▶ [Exercise]
Return all the lines below exactly as written. Drop every picture.

Exercise data Start Marker

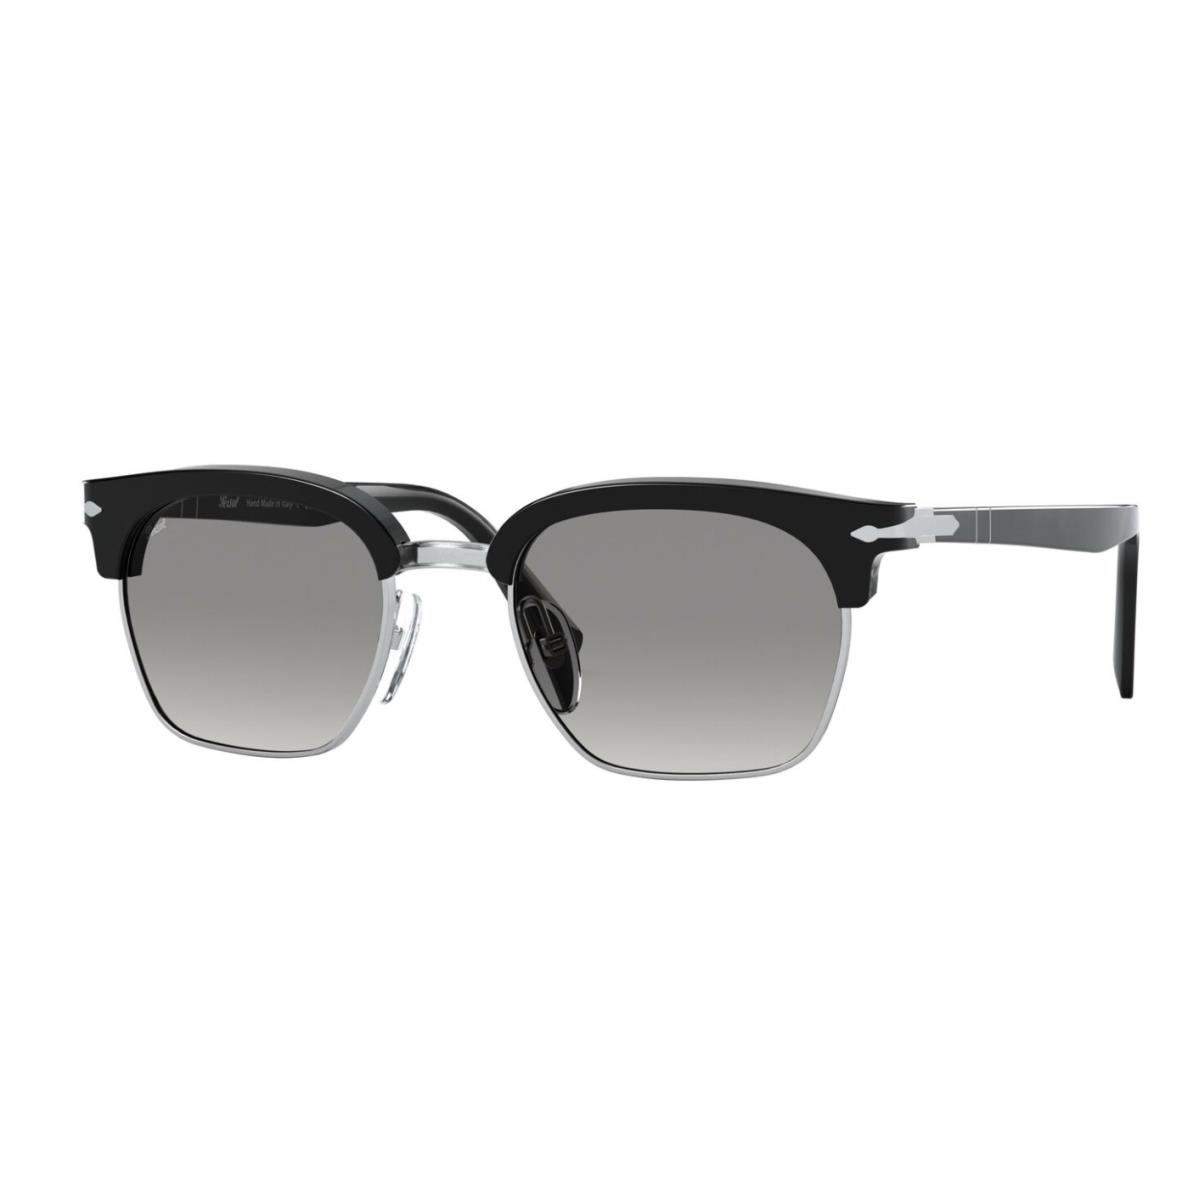 Persol sunglasses  - Black , Black & Silver Frame, Grey Gradient Polarized Lens
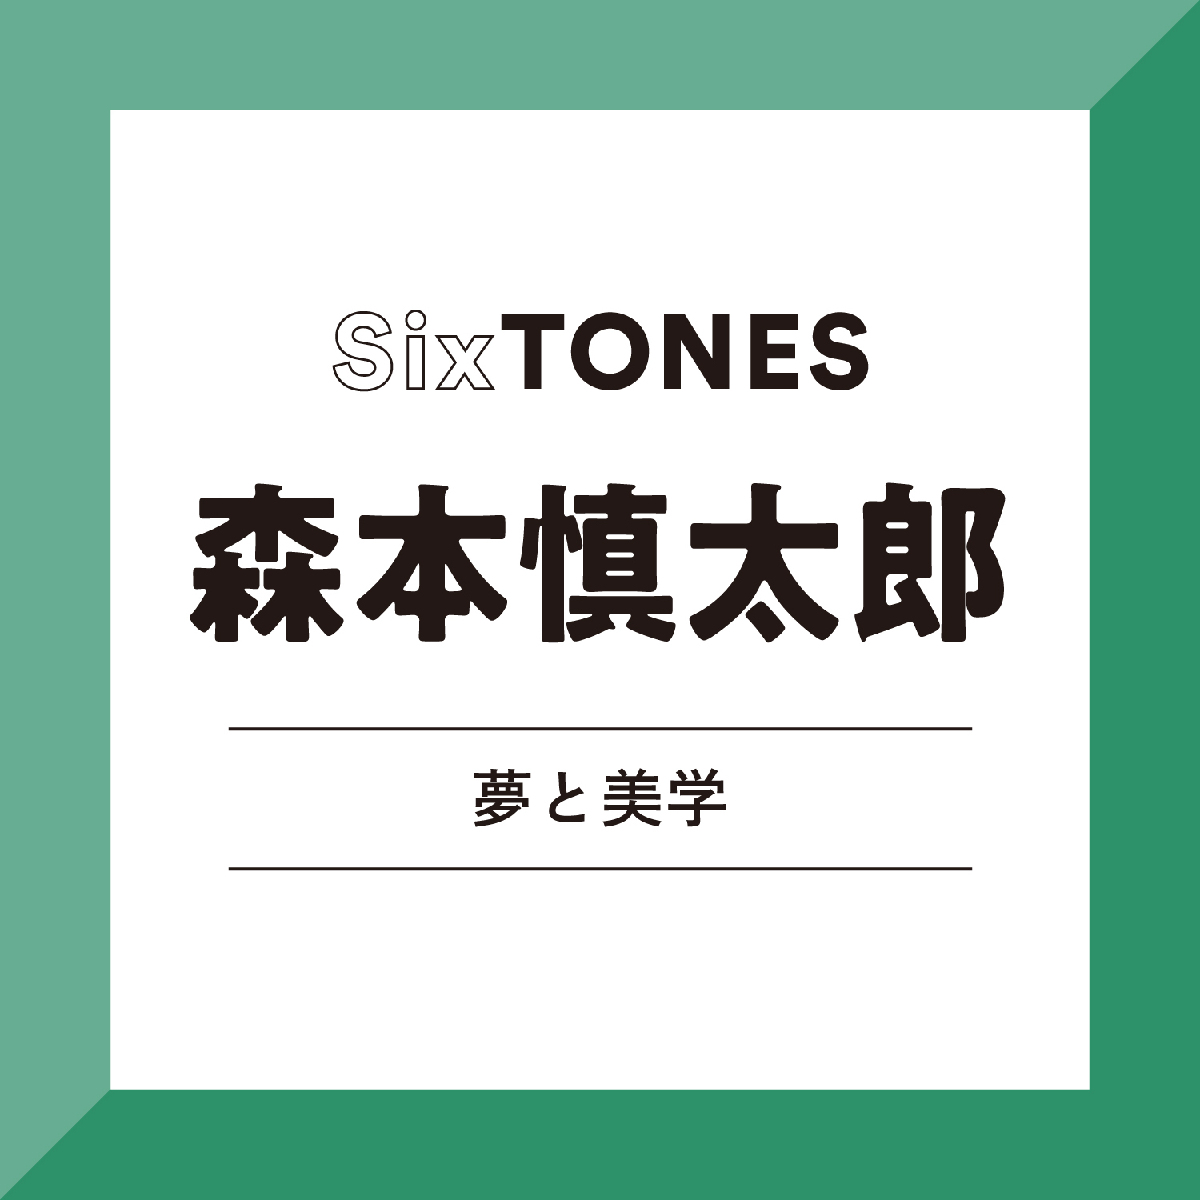 【SixTONES】森本慎太郎が一度は考えた芸能界以外の道「中学の時にすごくいい先生に出会って、自分もそんな先生になりたかった」
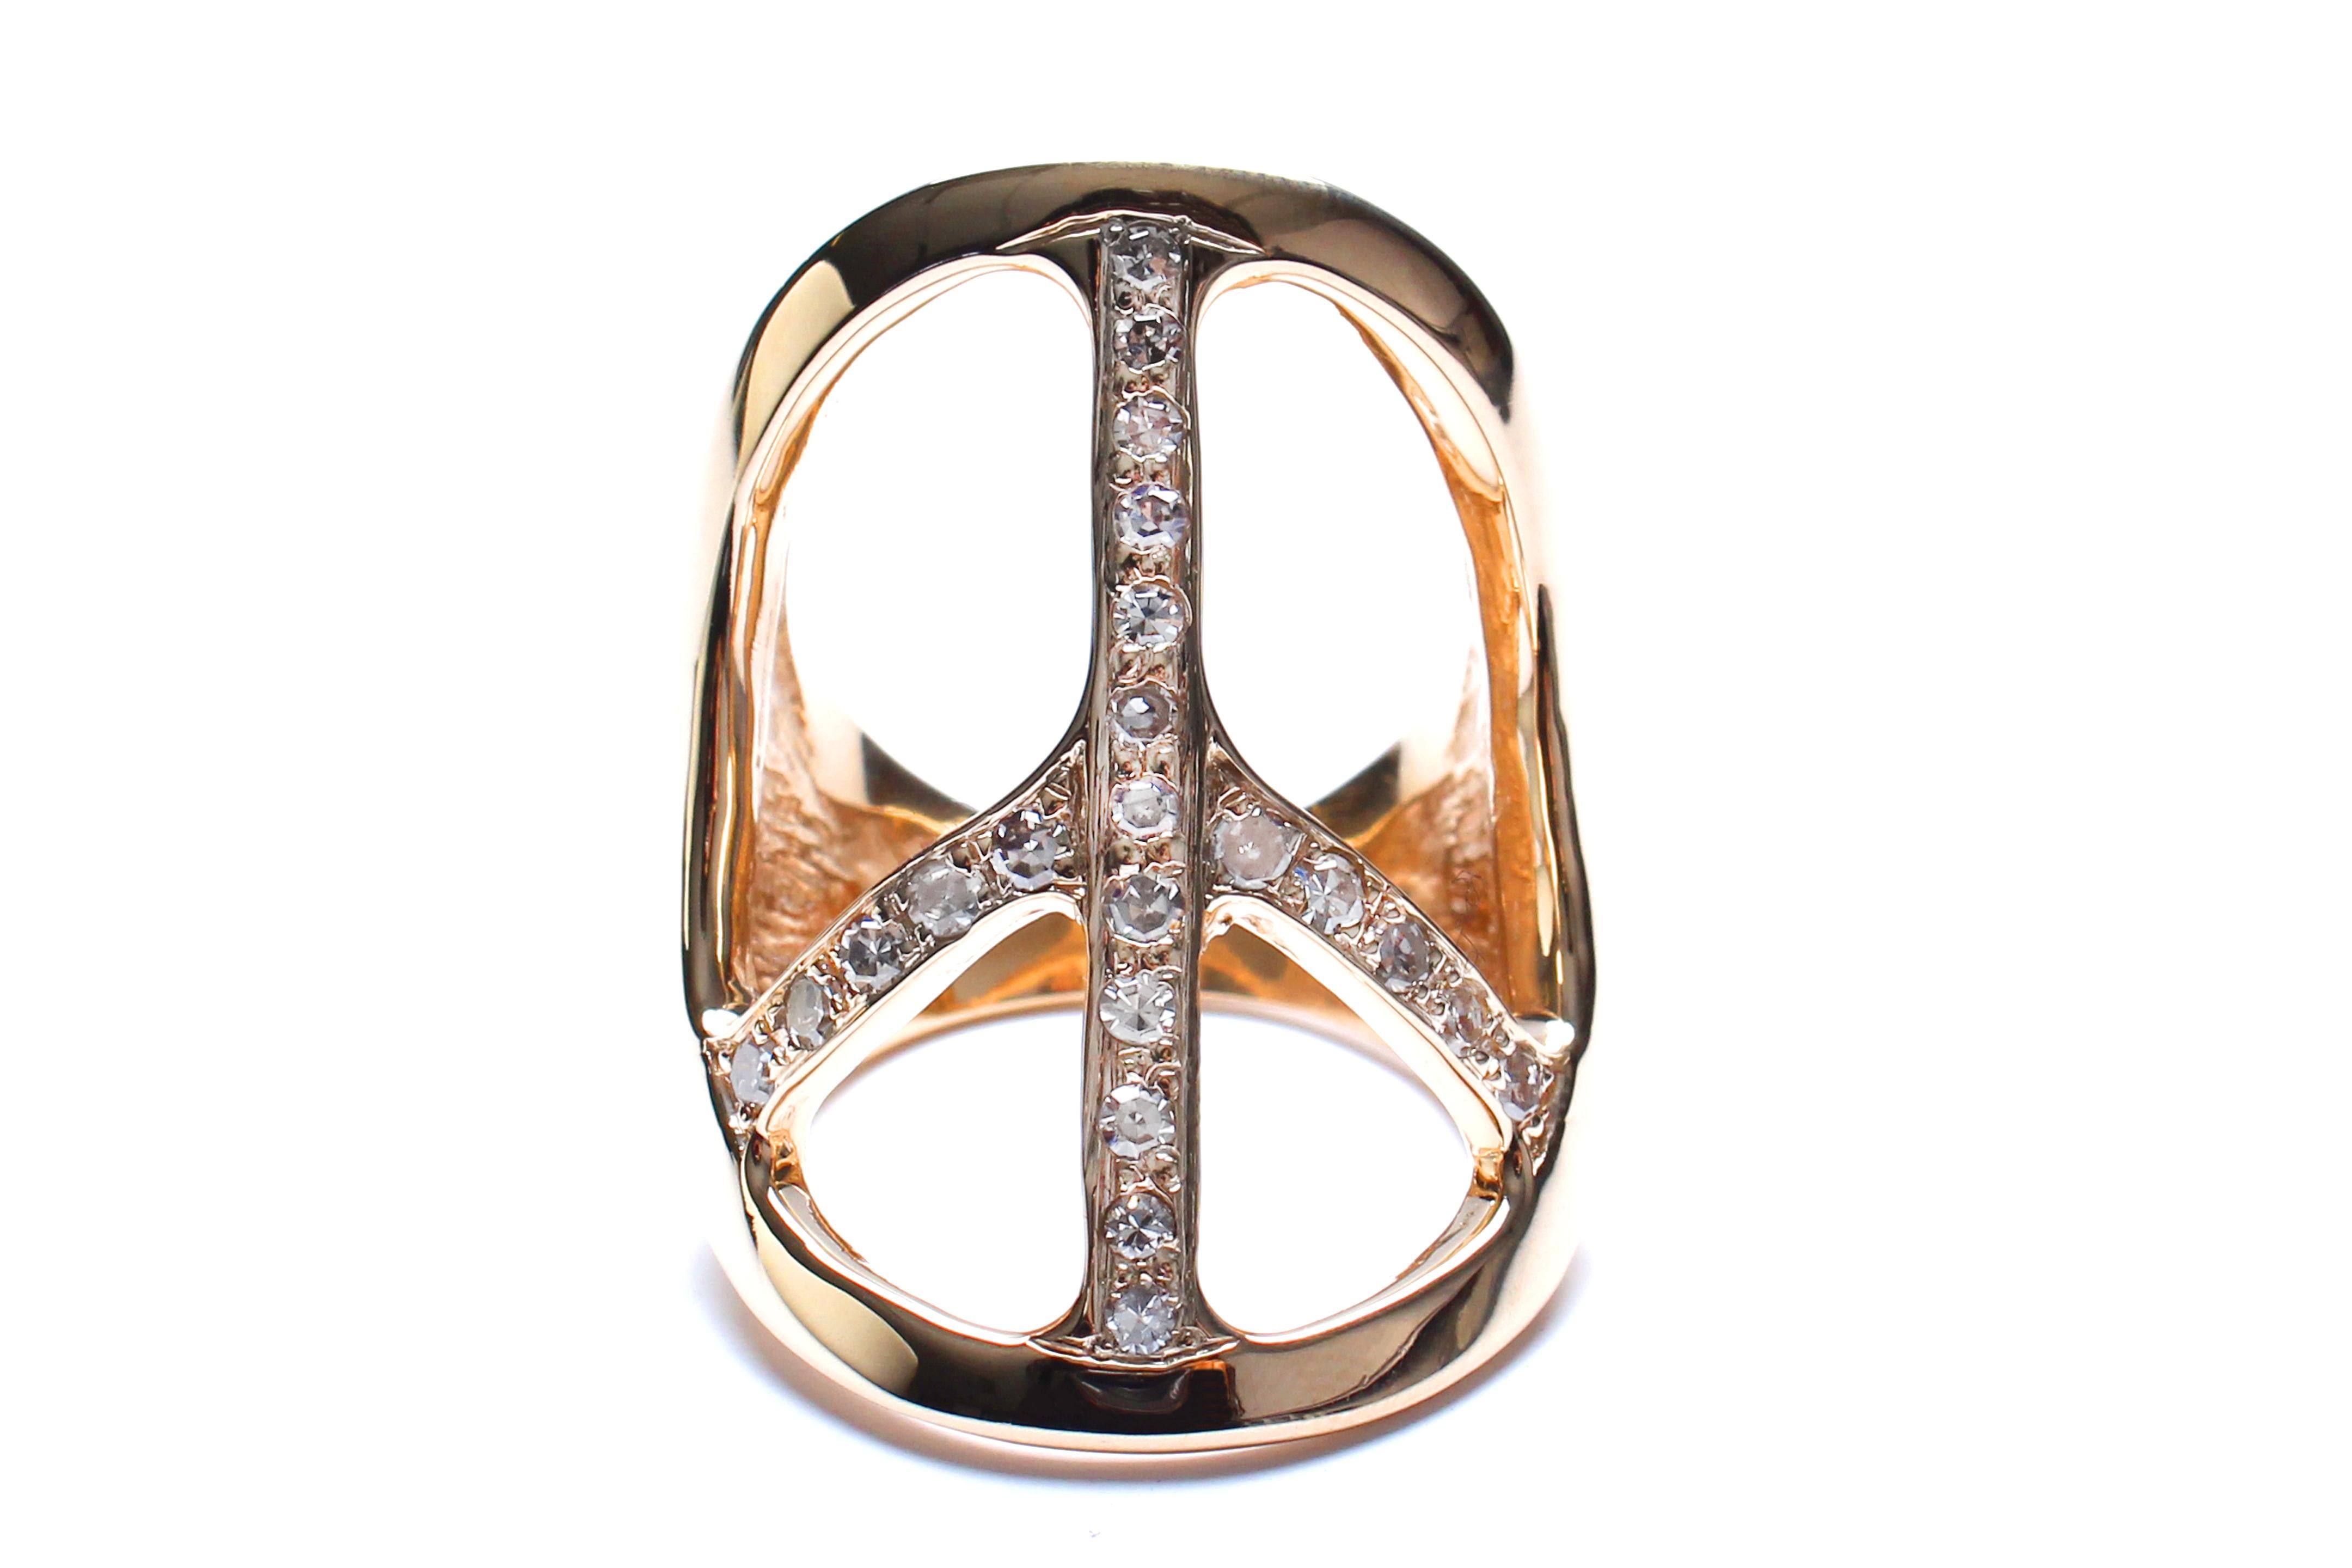 Clarissa Bronfman Signature Solid 14 Karat Gold Diamond Peace Ring For Sale 7

Exercise data End Marker

▶ [Completed exercise]
 Persol sunglasses  - Black , Black & Silver Frame, Grey Gradient Polarized Lens
 【SixTONES】森本慎太郎が一度は考えた芸能界以外の道「中学の時にすごくいい先生に出会って、自分もそんな先生になりたかった」
 Clarissa Bronfman Signature Solid 14 Karat Gold Diamond Peace Ring For Sale 7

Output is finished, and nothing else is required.